ChiMed-GPT: A Chinese Medical Large Language Model with Full Training Regime and Better Alignment to Human Preferences

Recently, the increasing demand for superior medical services has highlighted the discrepancies in the medical infrastructure. With big data, especially texts, forming the foundation of medical services, there is an exigent need for effective natural language processing (NLP) solutions tailored to the healthcare domain. Conventional approaches leveraging pre-trained models present promising results in this domain and current large language models (LLMs) offer advanced foundation for medical text processing.
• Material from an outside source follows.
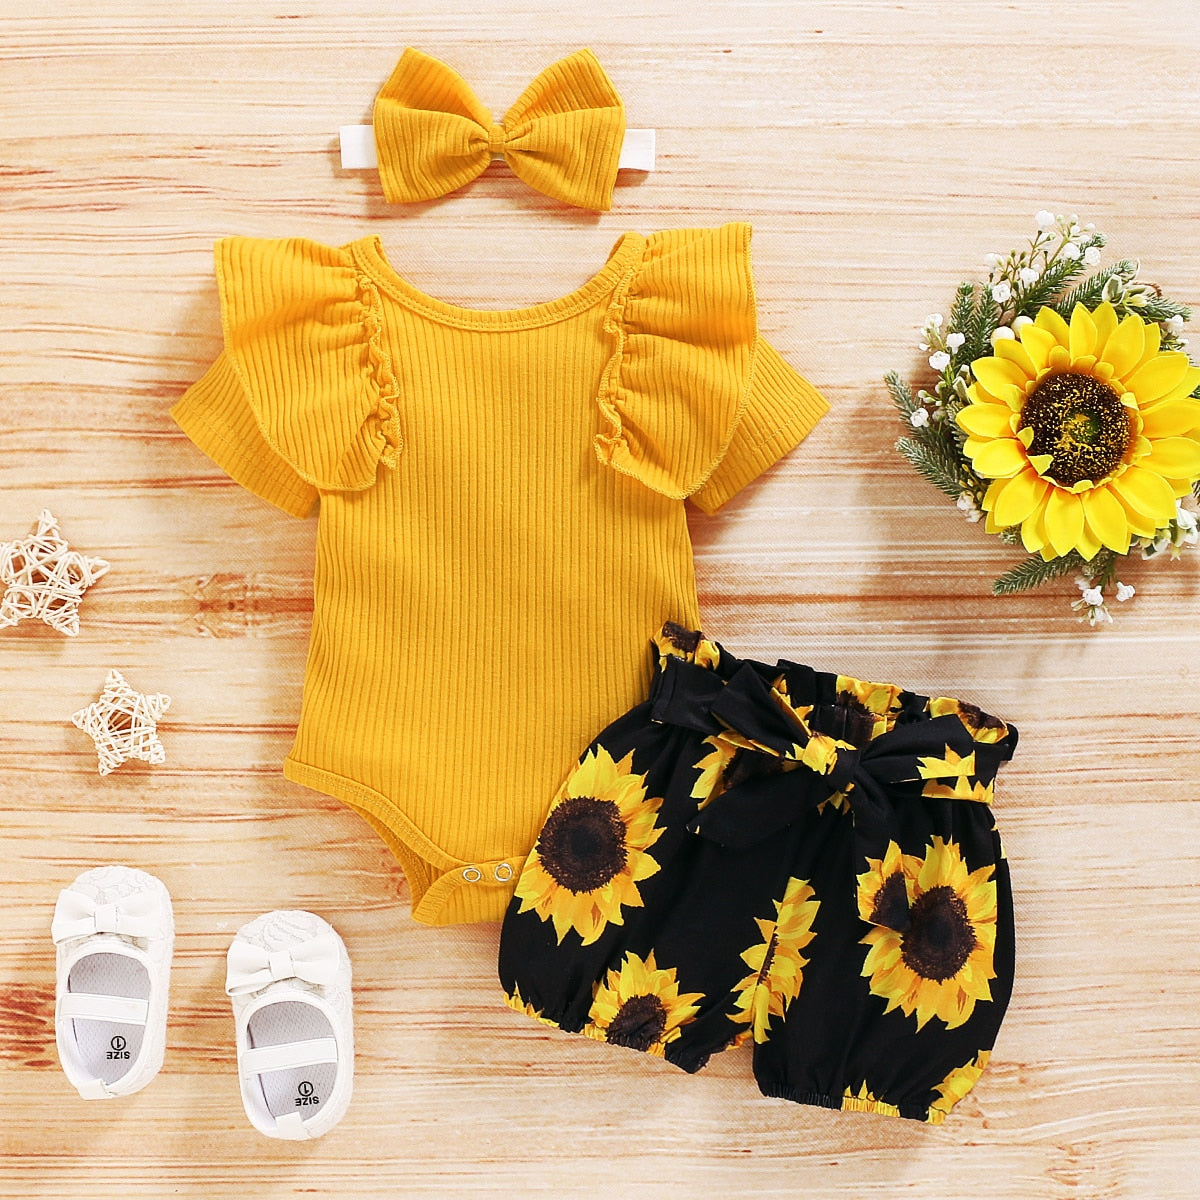 Lioraitiin 0-24M Newborn Infant Baby Girl Clothing Set Short Sleeve Yellow Solid Romper Top Sumflower Printed Shorts 3Pcs Outfit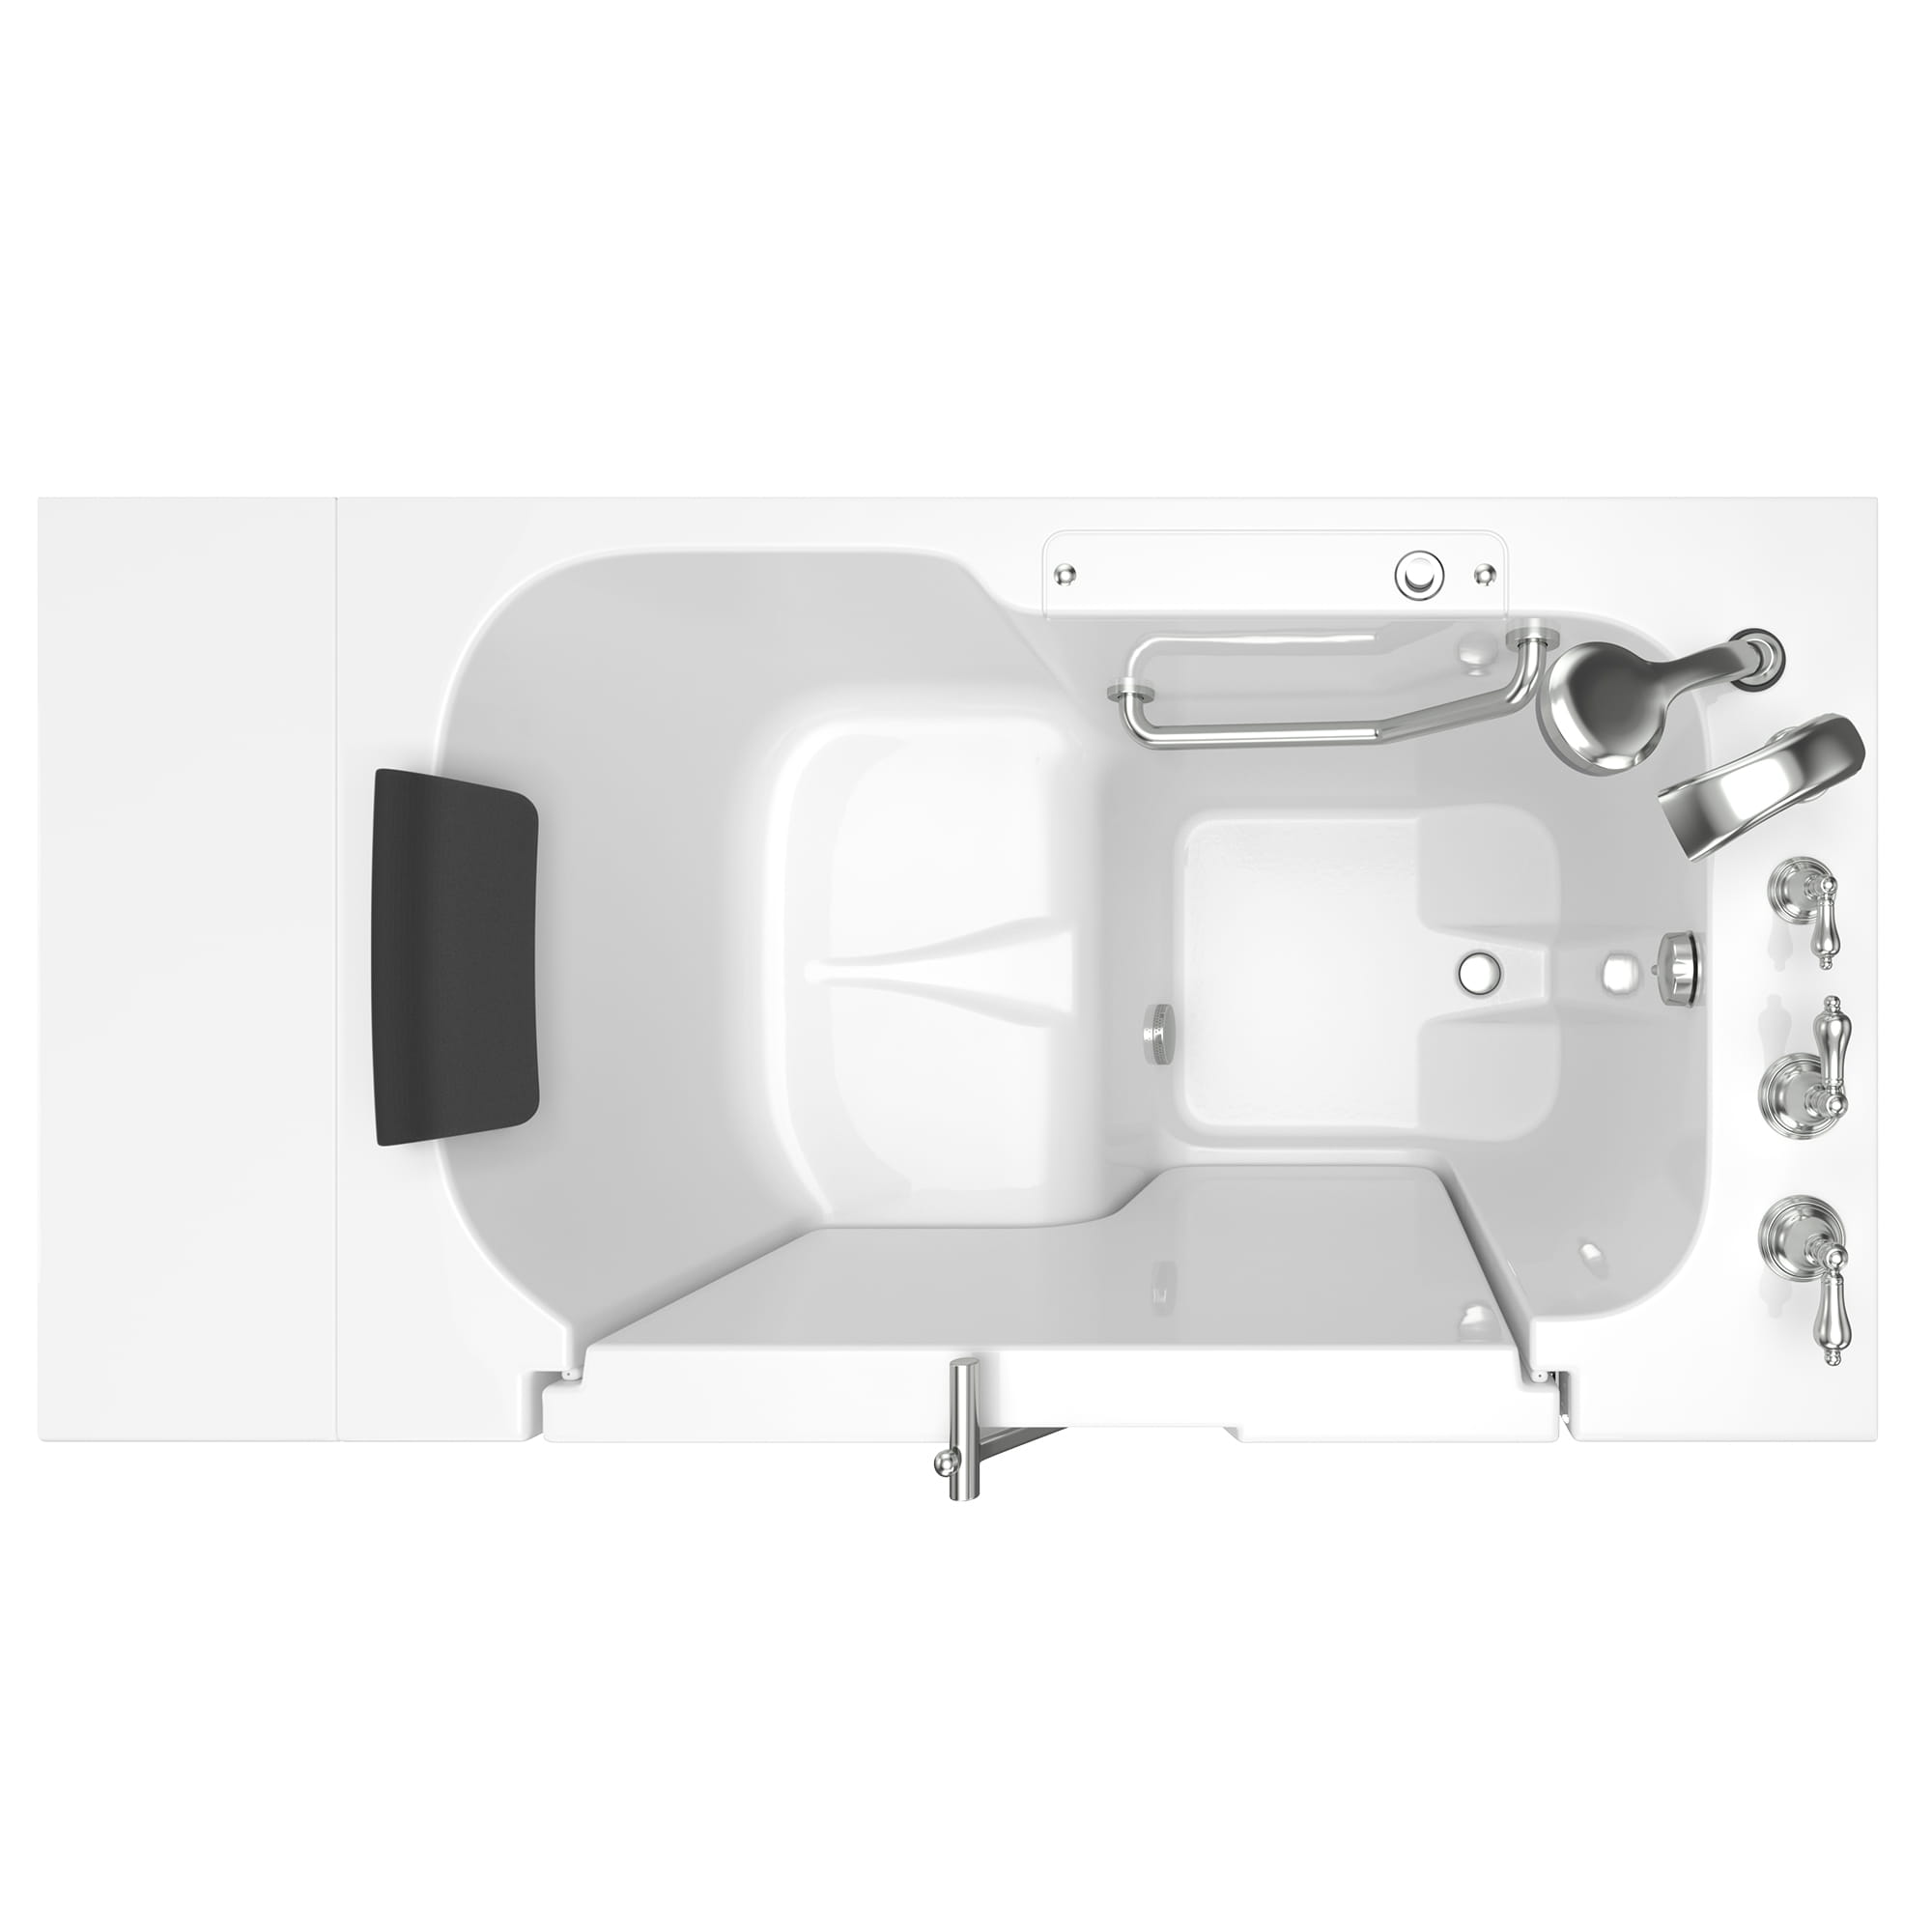 Gelcoat Premium Series 32 x 52 -Inch Walk-in Tub With Soaker System - Right-Hand Drain With Faucet

However, most medical LLMs are trained only with supervised fine-tuning (SFT), even though it efficiently empowers LLMs to understand and respond to medical instructions but is ineffective in learning domain knowledge and aligning with human preference. Another engineering barrier that prevents current medical LLM from better text processing ability is their restricted context length (e.g., 2,048 tokens), making it hard for the LLMs to process long context, which is frequently required in the medical domain. In this work, we propose ChiMed-GPT, a new benchmark LLM designed explicitly for Chinese medical domain, with enlarged context length to 4,096 tokens and undergoes a comprehensive training regime with pre-training, SFT, and RLHF. Evaluations on real-world tasks including information extraction, question answering, and dialogue generation demonstrate ChiMed-GPT's superior performance over general domain LLMs. Furthermore, we analyze possible biases through prompting ChiMed-GPT to perform attitude scales regarding discrimination of patients, so as to contribute to further responsible development of LLMs in the medical domain. The code and model are released at https://github.com/synlp/ChiMed-GPT.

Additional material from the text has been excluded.